State pension: Minister outlines exactly what year retirement age is set to be hiked up to 68

DWP and inset of Mel Stride

The state pension age is likely to rise to 68 around the year 2040

PA
Dan Falvey

By Dan Falvey


Published: 11/05/2023

- 16:11

Updated: 11/05/2023

- 17:08

A final decision has been delayed until after the next election

The state pension age is unlikely to rise to 68 until 2040, according to the Work and Pensions Secretary.

The age at which Britons receive the weekly sum from the Government is already set to increase from 66 to 67 between 2026 and 2028 but a further change had been anticipated to take place shortly afterwards.


Earlier this year Stride delayed a decision on when to increase the state pension minimum age to 68 until after the next general election.

But speaking today the Work and Pensions Secretary suggested that it was unlikely a second rise would happen for at least another 17 years.

Mel Stride in the House of Commons

Work and Pensions Secretary Mel Stride delayed a final decision earlier this year

Parliamentlive.TV

He said: "I think it is fair to say that the earliest would be Cridland’s suggestion of 2037, but that was predicated on different life expectancy data.

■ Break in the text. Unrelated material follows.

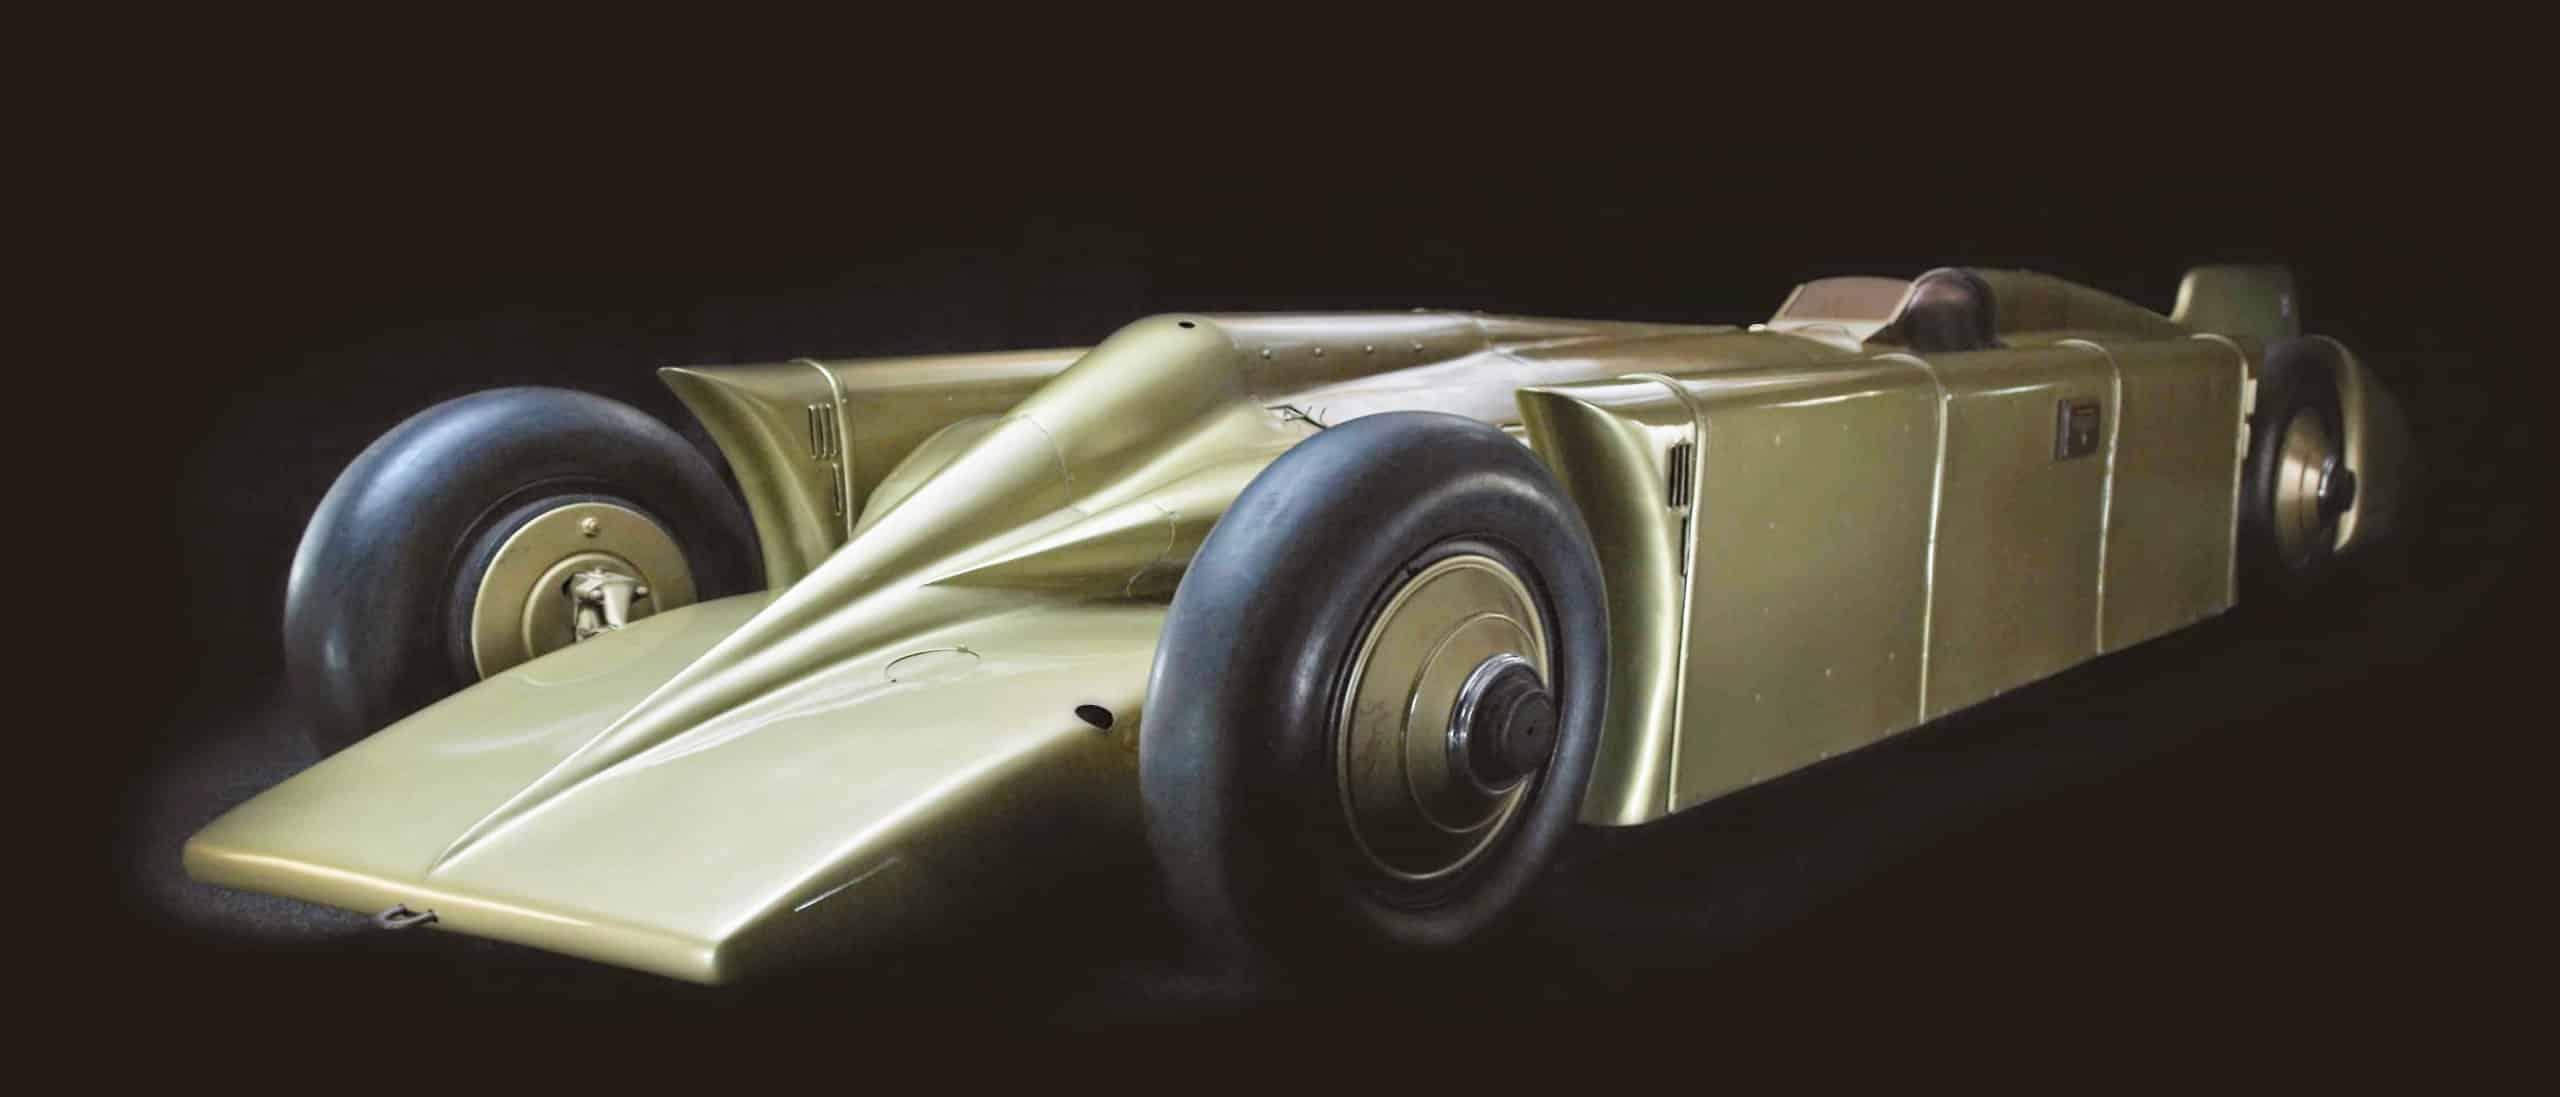 Corvette, Corvette designer helps museum curate 'Big Daddy' Roth exhibition, ClassicCars.com Journal

"And in fact if you applied what we know now to Cridland’s methodology, you would end up with a date in the 2050s actually.

"Neville-Rolfe came in with something in the 2040s, so I suspect it is in that range of 2040 or thereabouts.

"But it will be for somebody else to sift through the data in the next Parliament."

An announcement had been expected later this year but was postponed after the latest data indicated that rise in life expectancy in Britain had started to stagnate.

He said: “Ultimately, I took the decision that because of Covid, because of the uncertainties economically — because there are many metrics that play into this decision — and the fact the important thing is you give people, I feel, 10 years notice of any change.

“The kind of range of dates for the moving up of the state pension age from 67 to 68 are well into the 2030s.

“You are debating whether you are going to do it in the 2030s, 2040s or thereabouts.

“So there is no reason why you need to take the decision now.

"You can wait until the first couple of years of the next Parliament to take that decision and still give people 10 years’ notice of your decision and make the change at that point.”

Put to him that the scale of the protests seen in France after President Emmanuel Macron raised the minimum pension age from 62 to 64 might put future British ministers off the idea of raising it again at home, Stride said he did not think it was “in our national psyche to start rioting and burning things over things like the state pension”.

He also said there were no plans to alter the triple lock on pensions, which sees state pensions increase with inflation, wage rises or 2.5 per cent, whichever is highest.

However, he said that he did not know what the position would be in the next Conservative Party manifesto.